Saturday, April 25, 2009

Enhanced Contradiction

One nation has used nuclear weapons, incinerating thousands in the blink of an eye. And if it is Japan, Germany, and Russia who have the reputation for being the bad guys of the last century, going around and attacking other nations unprovoked and then brutally occupying them, one might want to maintain some perspective and remember who carpet bombed North Vietnam for much of the 1960s and 1970s, who invaded the Dominican Republic in 1965, who invaded Grenada in 1983, and who invaded Iraq in 2003--all more or less if not unprovoked, unthreatened in any real way. And one might want to remember who was behind a multitude of coups and proxy wars in Guatemala in 1954 and the 1980s, Nicaragua in the 1980s, El Salvador in the 1980s, Cuba in 1961, Congo in the 1960s, Iran in 1953, Afghanistan in the 1980s.

What I grew up hearing called "Chinese water torture" (thanks to the Korean war) turns out to have its roots in the Spanish Inquisition, practice at the hands of Japanese militarism, and perfection with hoods and boards at the hands of the Khmer Rouge, is now called "water boarding" with its subtle suggestion of leisure-time recreation. And in the nation that most excels in double plus good euphemistical new-speak water-boarding turns out to be only one of the many prescribed practices of "enhanced interrogation" spelled out in recipe books issued by our former president George Bush's ironically-named justice department.

President Obama has, to his vast credit, opened some of the books on these deplorable inhumanities, shedding a little light on the Bush/Cheney doctrine of bureaucratic inhumanity that lead to our modern day gestapo-esque reality of Abu Ghraib, Guantanamo, Baghram, and CIA black site prisons.

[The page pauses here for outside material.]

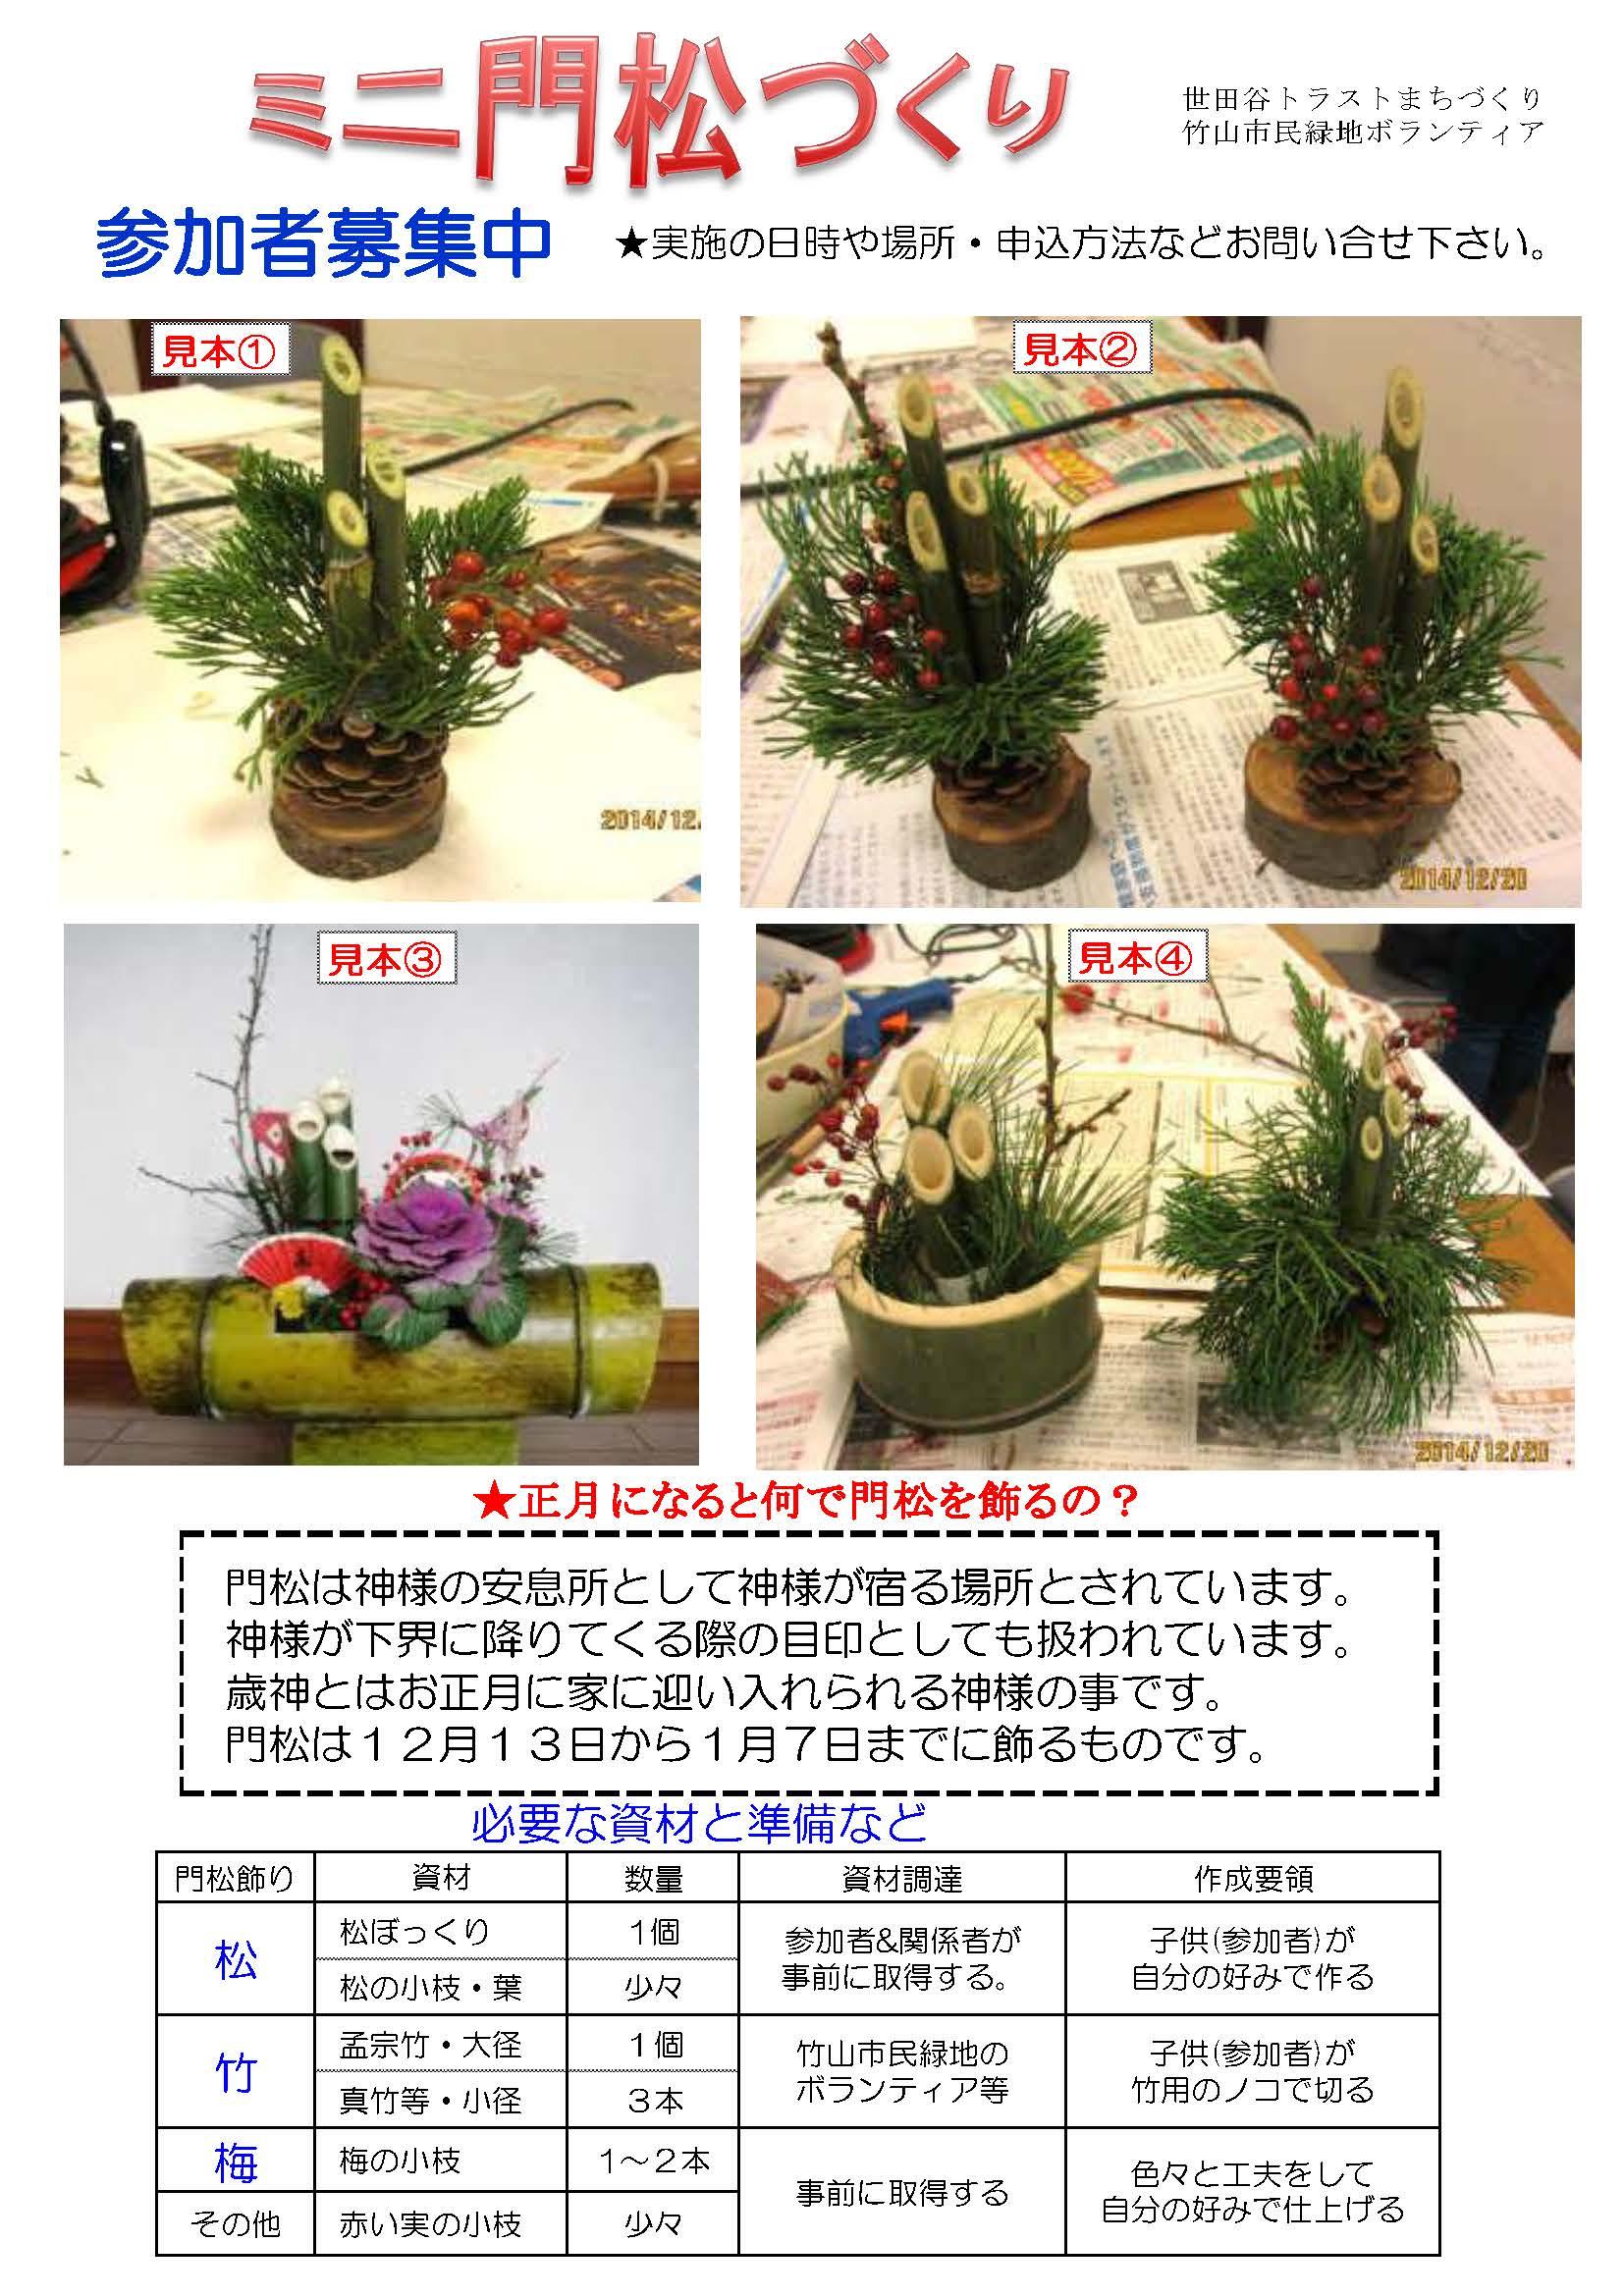 12月19日(月)ミニ門松づくり_c0120851_6292981.jpg

So now we all know, crimes were committed. What will we do about that? Well, apparently not very much, including not even clearly saying it won't happen again. Here's the rub. In his eternal optimism--and I don't actually mean that to sound so harsh--Obama knows that just under half the country doesn't have much of a problem with these crimes. It must be said that half the country doesn't seem to have much of a problem with the rest of us being enslaved to insurance companies, credit card companies, banks, soul-lessly greedy corporations, corrupt politicians, or religious fundamentalists either.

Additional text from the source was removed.